Starting in the 1970s, Spiegel worked at the famous Bell Labs in Murray Hill, New Jersey. Under the direction of famed engineer Max Mathews, the Bell Labs were responsible for many innovations in sound design including the famous speech synthesizer used for HAL in Stanley Kubrick’s “2001″. Spiegel’s work focused on programming computers with decision-making algorithms she could interact with to
make music. As a result her music, except when directly based on a specific formula, such as her famous rendering of Kepler’s Harmonices Mundi, is often rooted in the most fundamental materials and structures of the Western musical tradition.

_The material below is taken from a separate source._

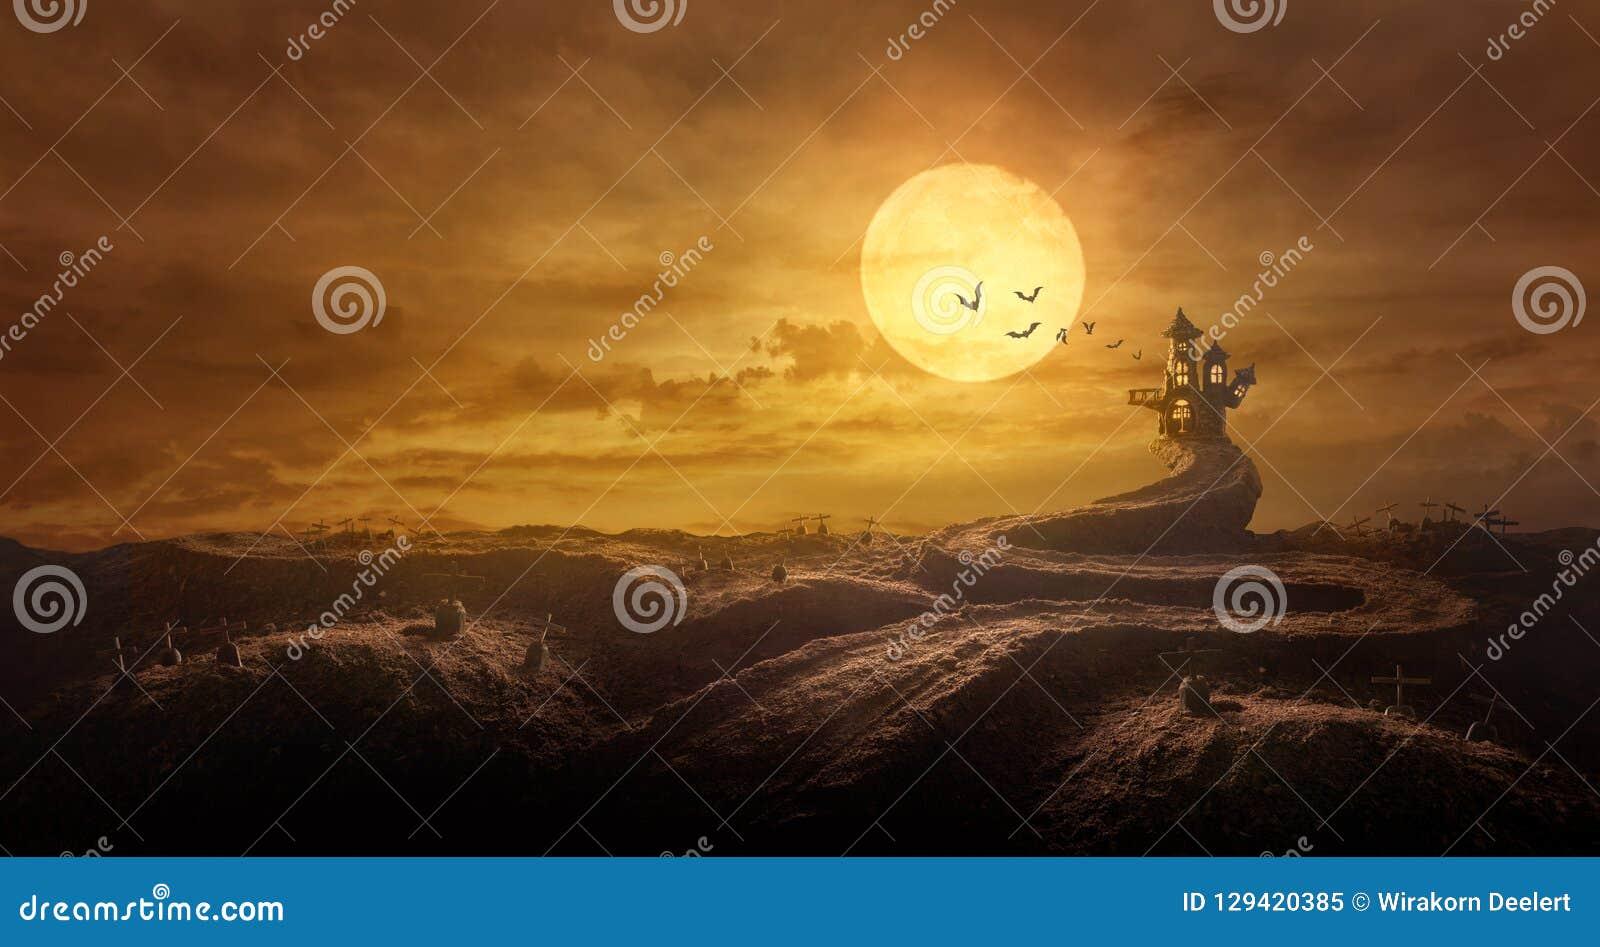 Allhelgonaaftonbakgrund till och med den sträckta väggraven som rockerar spöklikt i natt av fullmånen och slagträflyget
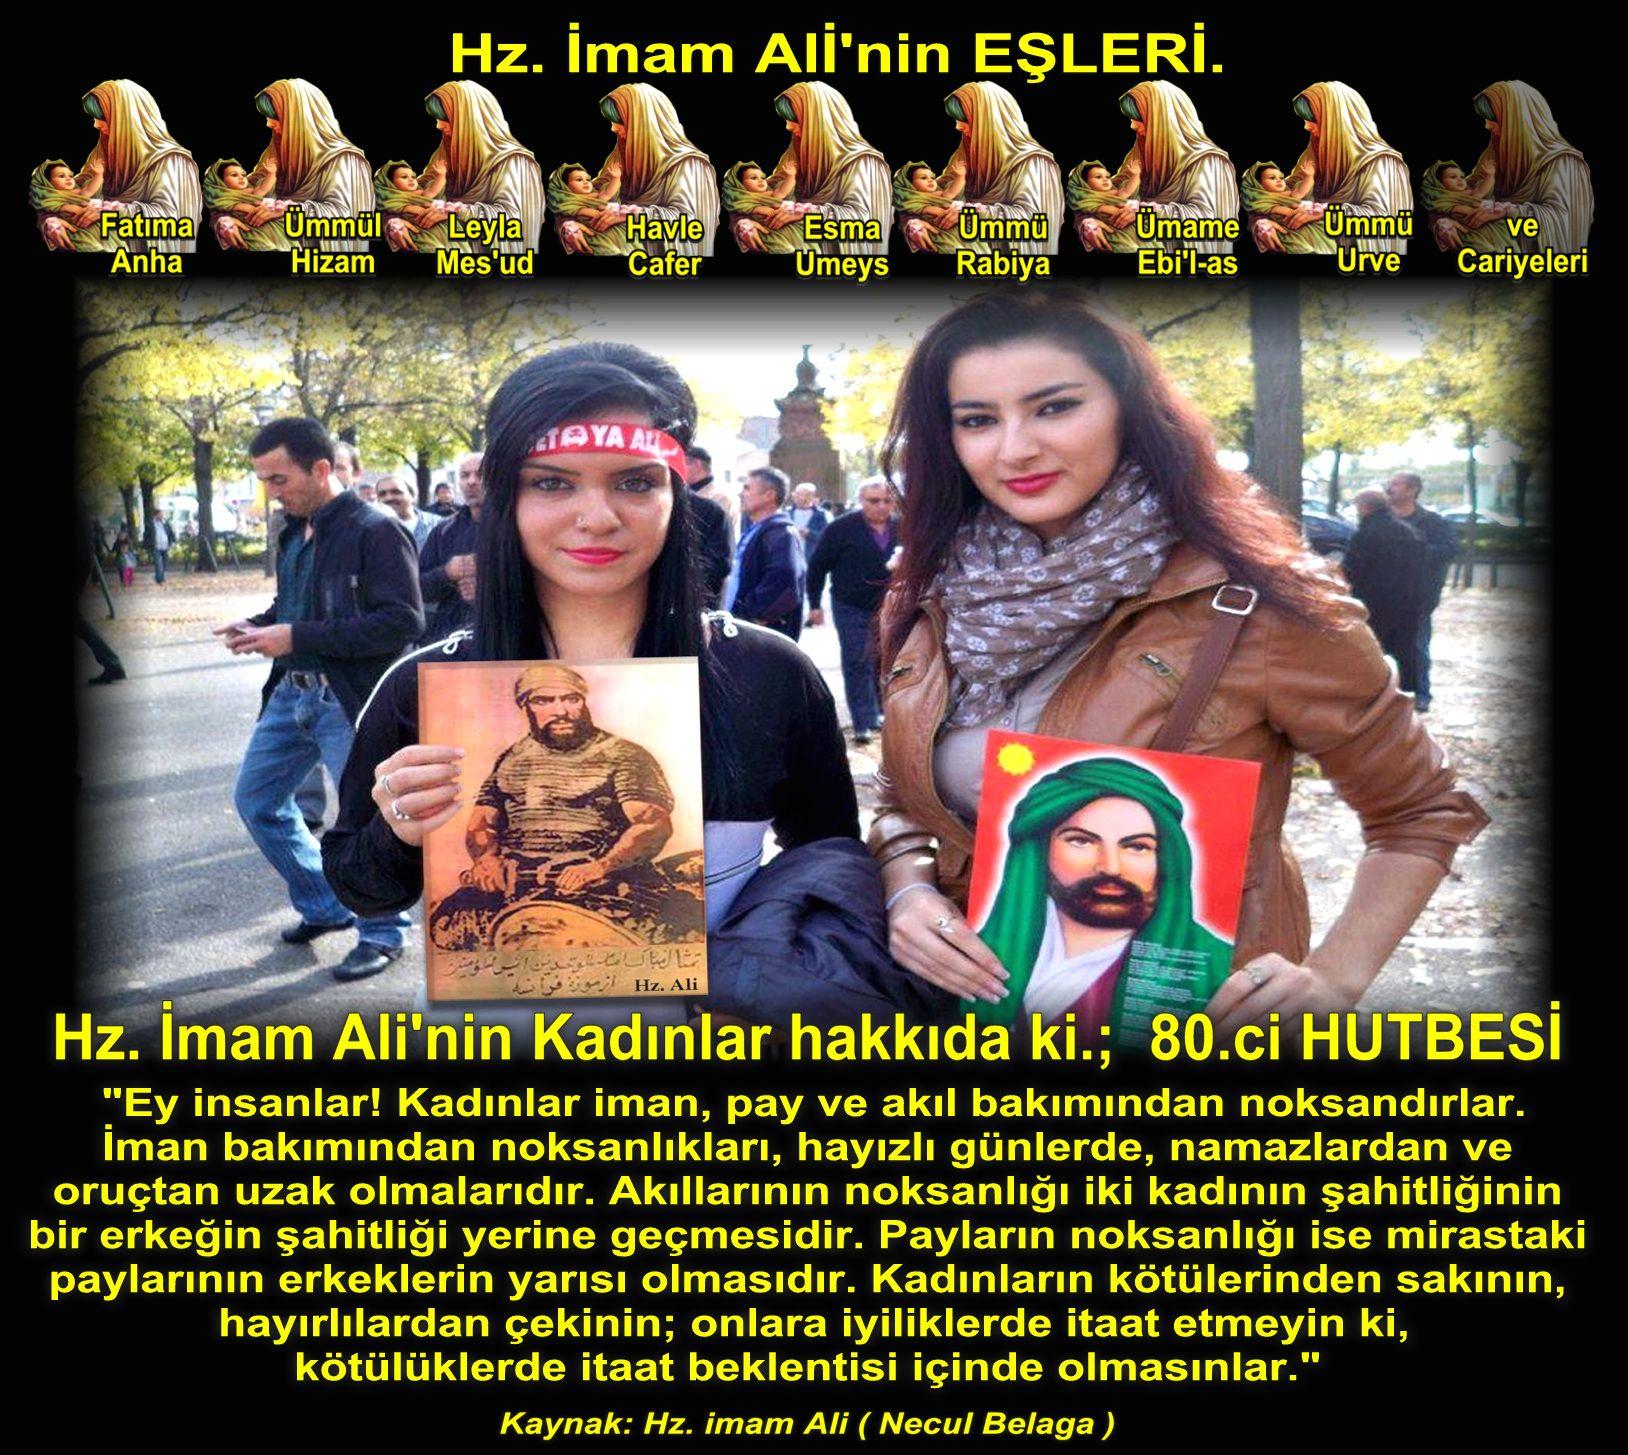 Devrimci Aleviler Birliği DAB Alevi Kızılbaş Bektaşi pir sultan cem hz Ali 12 imam semah Feramuz Şah Acar imam ali arap alevi genclik kizlar siyah

In the field of experimental electronic music, born out of the atonal philosophies of Varese, Schoenberg and Stockhausen, such traditional notions of harmony and melody make Spiegel quite unique. This last year a reissue of “The Expanding Universe”, which compiles Spiegel’s major works from the mid-70s was released to rave reviews on Unseen Worlds Records. Included on that release is the
1975 composition “Drums”. Since first hearing it over ten years ago, I was always amazed at how contemporary “Drums” sounded. I have, over the years, often thought of different ways I could edit the song to be used as a DJ tool. Last year while breaking from touring the fourth Junior Boys album, I released my first 12″ for Dan Snaith’s (Caribou, Daphni) label Jiaolong. The mandate of Jiaolong – to produce interesting and daring dance music following a wide variety of musical influences and trajectories – got me thinking that I should pursue my dream of re-editing Laurie Spiegel’s “Drums”.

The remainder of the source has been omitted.